Because only those graduates who earn a respectable ,though not insanely so, salary (think senior teachers, middle-ranking civil servants and supermarket managers) will benefit from not paying the last £3,000 – Lewis is set against the whole idea.

He’s wrong, and this is why:

His “student loan calculator” makes, as you would expect, a number of assumptions concerning the future state of the economy. Just to pick on a couple, it assumes an annual average salary growth of RPI+2% (currently the average is a little over than 1%, growth has been negative over the past 7 years. And who the hell uses RPI any more??). It assumes inflation will sit at 3% – (CPI) currently lies at a hefty 0.0%, with every expectation that it will turn negative.

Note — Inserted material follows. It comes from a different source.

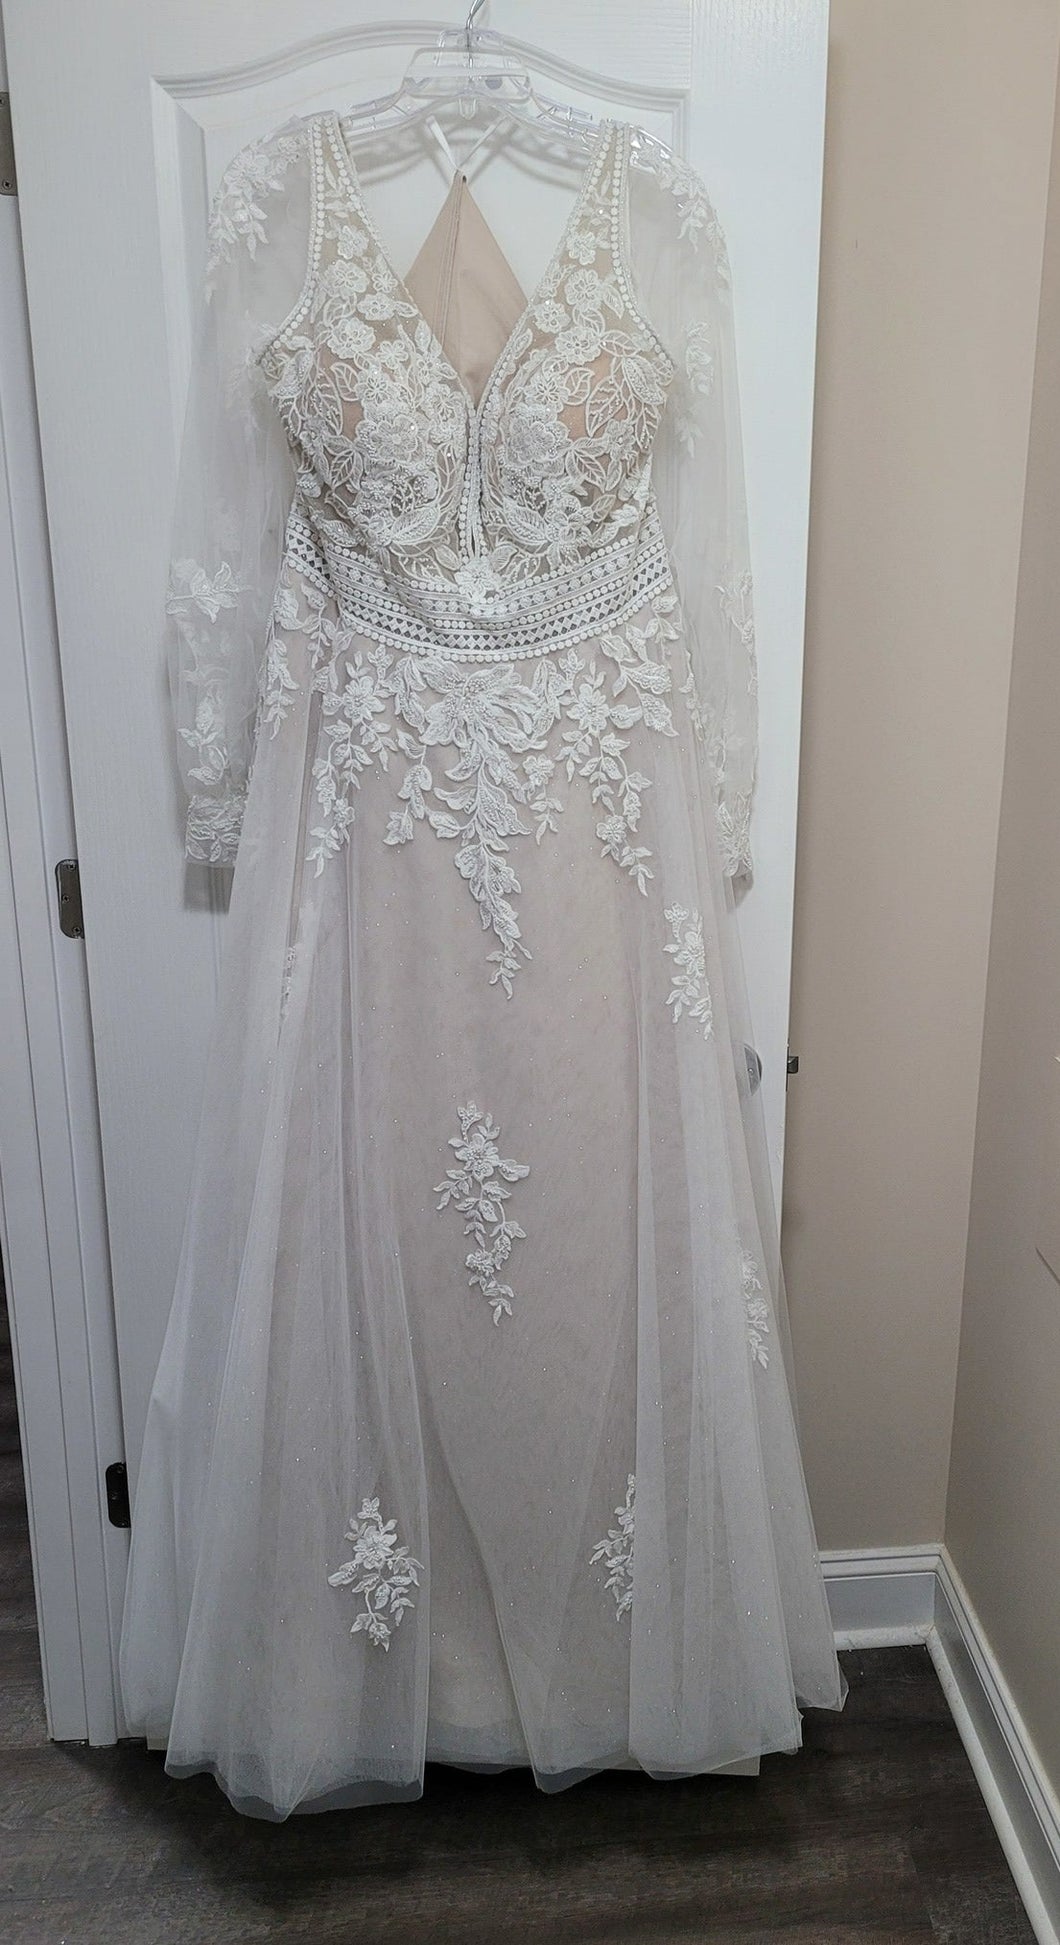 Amanda's  '974 / LAL' wedding dress size-20W NEW

It also makes a number of assumptions about graduates, namely that they stay in the same job – without any career breaks – from graduation to retirement, with salary increasing smoothly and dependably from that point. So, not for our hypothetical graduate the traditional path of working an entry-level job for a while then jumping into management.

Figures drawn from these (or any) approximation are liable to bear little or no resemblance to lived reality – but even assuming that they do there is a whole load of other things to consider.

Like the tax system: could high earning graduates end up paying additional income tax (or property tax, or – hell – VAT) than those earning less. Absolutely they will. Will paying (say) 50% rather than 45% on the top end of your income offset the £3,000 this policy would save our hypothetical head-teacher? We don’t know. Will a society riven with an growing divide between the rich and poor eventually elect a government with a more progressive approach to tax? Quite possibly.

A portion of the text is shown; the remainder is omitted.